Magnolia Medical Captures $20M to Reduce Blood Culture Contamination

Xconomy Seattle — 

Magnolia Medical Technologies, a Seattle-based manufacturer of devices for collecting blood and bodily fluids, announced this week it has raised $20 million in equity funding to ramp up sales of its flagship product. The funding comes as Magnolia and San Diego-based competitor Kurin battle each other in court.

RTW Investments, a New York-based firm that backs healthcare ventures, led the Series C funding round, Magnolia says. Other participants included SightLine Partners, Canepa Healthcare, and HealthQuest Capital, according to a news release; the latter two firms had invested in Magnolia previously.

Magnolia has raised nearly $51 million in combined debt and equity financing since launching in 2011, according to SEC filings.

Magnolia’s core product, which it calls Steripath, is designed to prevent blood samples from becoming contaminated. To do so, the device uses proprietary technology to isolate what Magnolia says is the part of the sample most likely to contain harmful microorganisms, by routing it to a separate compartment of the device. Contaminated samples can yield false positive test results and lead to healthcare providers misdiagnosing patients with sepsis and other types of infection. That may in turn result in providers inappropriately prescribing antibiotics for the patient, Magnolia says in the release.

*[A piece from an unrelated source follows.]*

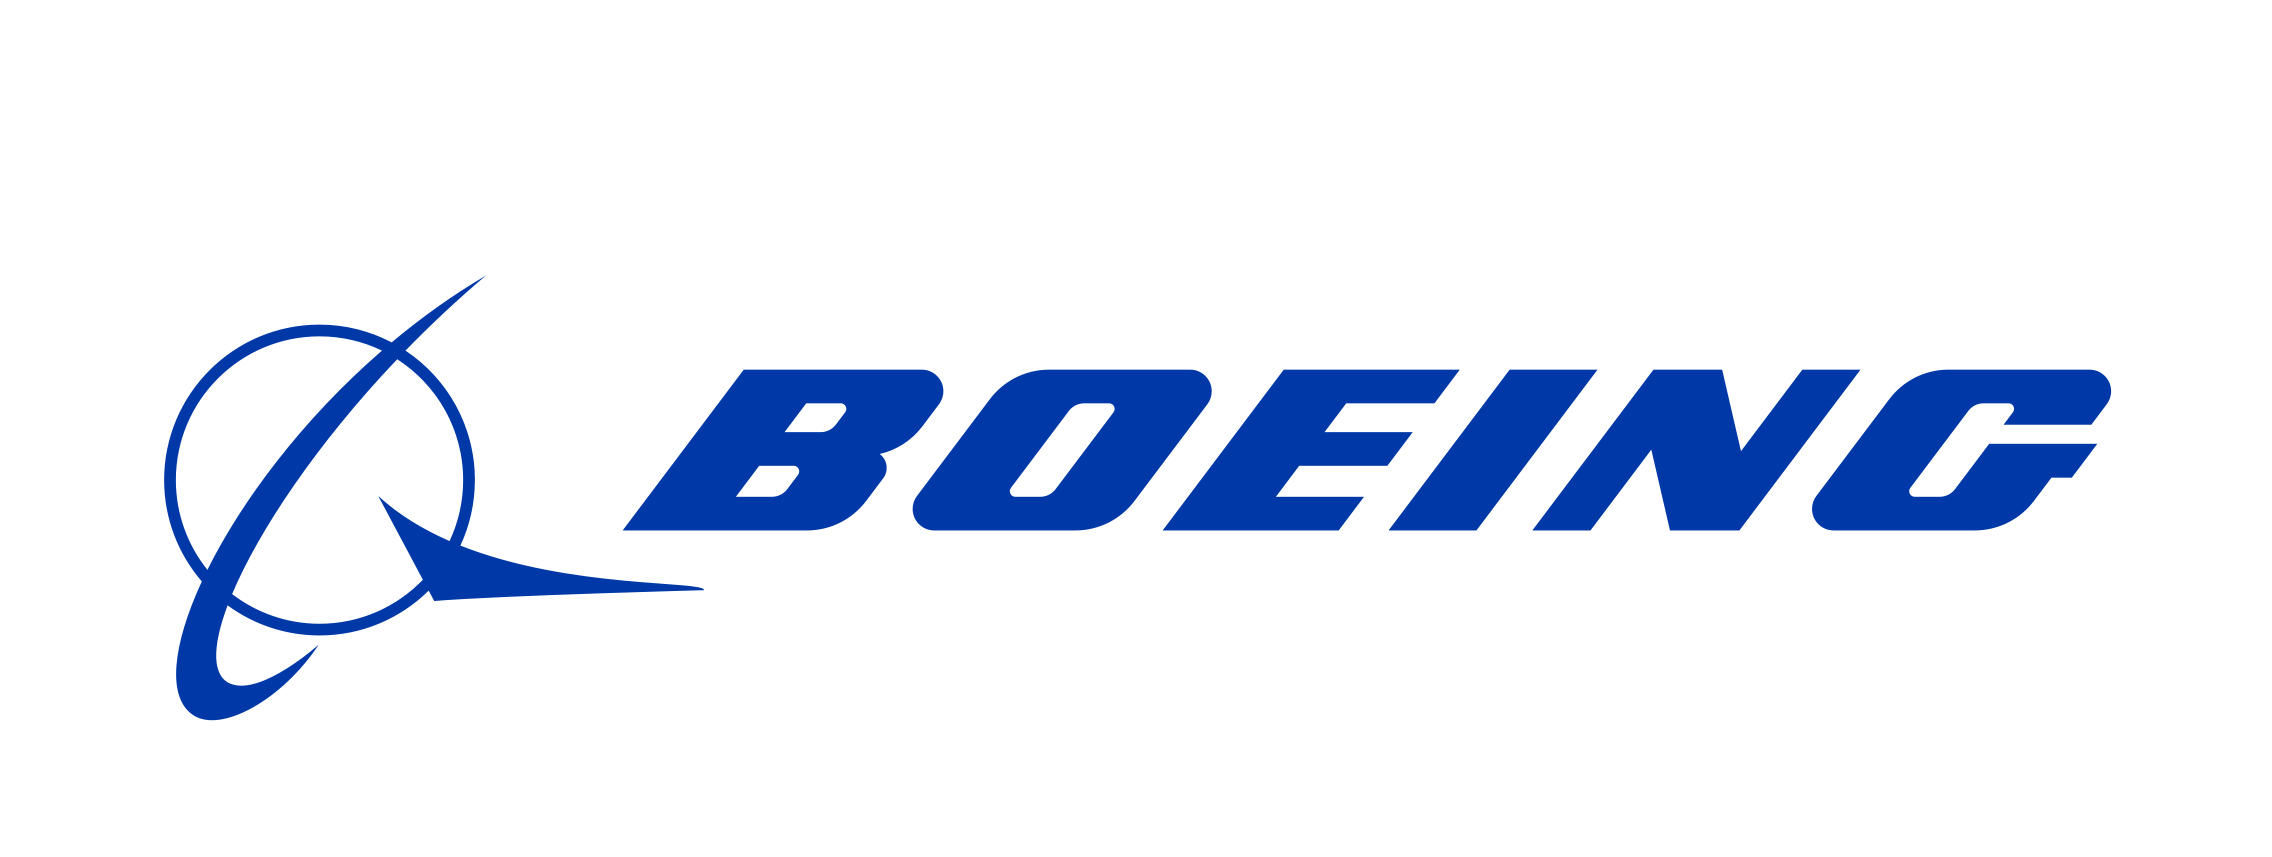 Boeing makes one of the largest acquisitions in Industrial Automation: 3.2 billion dollars

A study published in 2006 by the Journal of Hospital Medicine found that 6 percent of the 939 blood culture sets researchers examined yielded false positive results, meaning they were thought to contain contaminants but actually did not. However, the researchers estimated this rate of false positives would on average cost a hospital $1.4 million to $1.8 million annually, and lead to patients cumulatively spending an estimated 1,450 to 2,200 extra days in the hospital each year.

Part of the problem appears to be that not all hospitals use trained phlebotomists to draw patients’ blood. A study of blood culture contamination rates at Parkland Memorial Hospital in Dallas, the results of which were published a decade ago, found that blood draws performed by non-phlebotomists were on average about twice as likely to result in contaminated samples than ones taken by phlebotomists.

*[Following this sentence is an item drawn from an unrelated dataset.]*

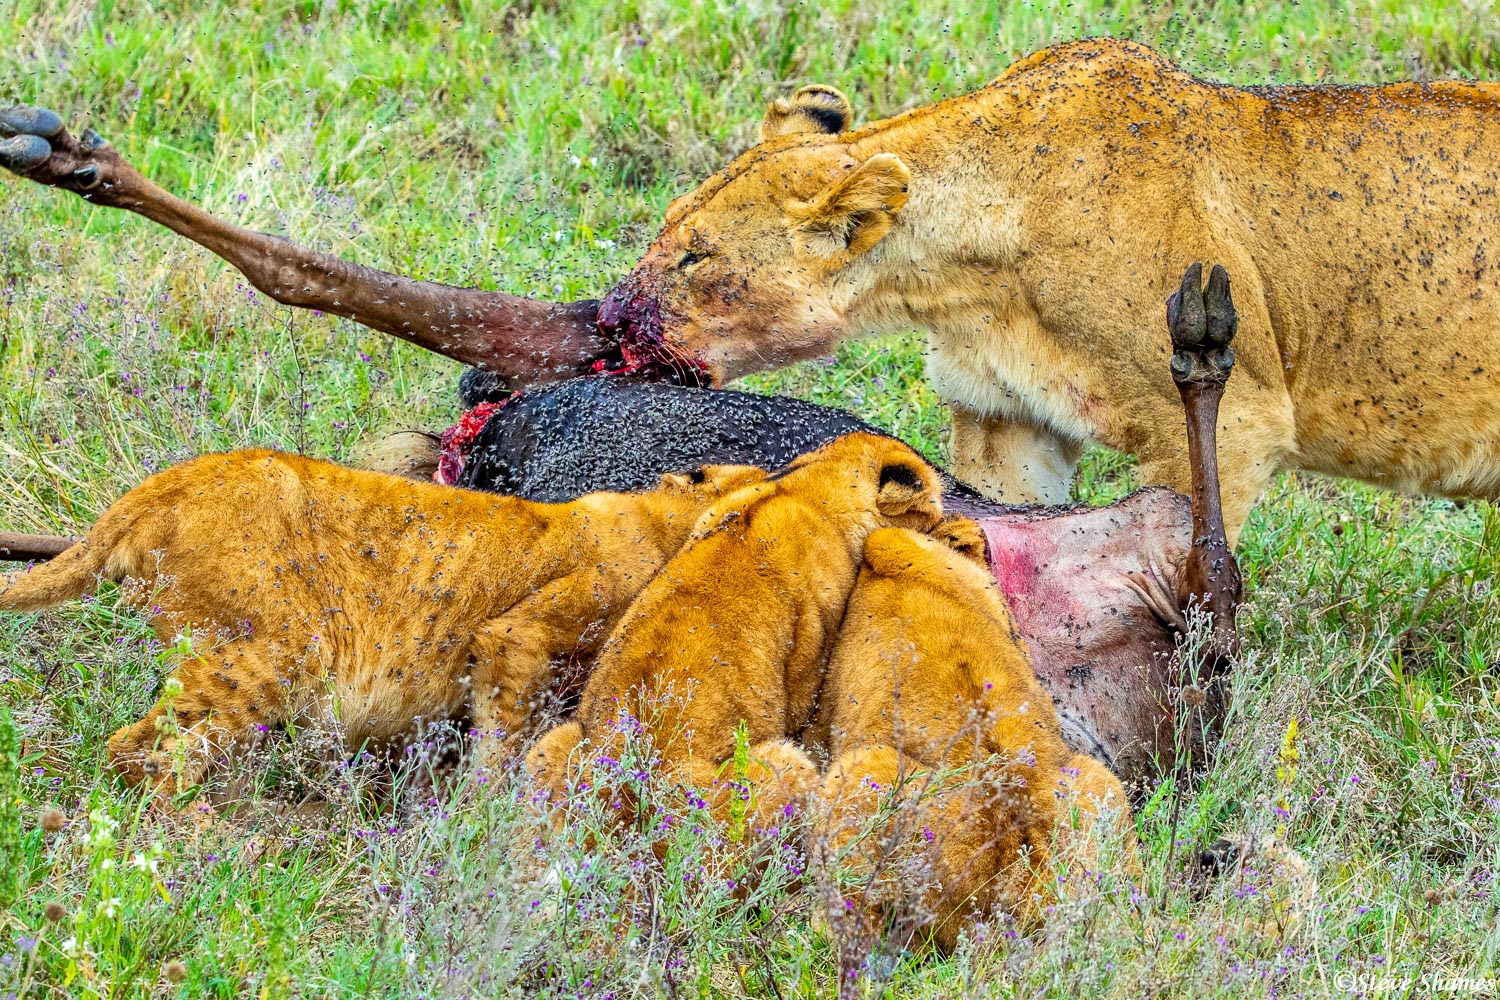 These must have been very hungry lions to be eating this fly covered wildebeest carcass. Look at those cubs digging in!

Magnolia’s Steripath device is designed to prevent contamination at the sample collection site: the patient’s skin. With a typical blood draw, the clinician taking the sample first disinfects the patient’s skin around where he or she plans to insert the needle. However, “even when the skin site is prepared meticulously … when venipuncture is performed, skin plugs will always enter the needle lumen and culture specimen bottle, and commonly will contain microorganisms known to contaminate blood cultures,” Magnolia says in a video on its website.

When clinicians use Steripath to take a blood sample, the device diverts the first 1.5 to 2 milliliters of blood drawn, which Magnolia says is the part most likely to contain contaminants, into an isolation chamber. Magnolia has been granted more than 60 “method, apparatus, and design patents,” according to company materials.

Magnolia says the latest version of its Steripath device has undergone clinical trials, and claims it can help hospitals bring contamination rates down to as low as 0.2 percent. According to a website with information on clinical trials, Magnolia and Minnesota-based 3M (NYSE: MMM) kicked off a study of ways to reduce blood culture contamination in May 2016. However, no study results have been posted to the website.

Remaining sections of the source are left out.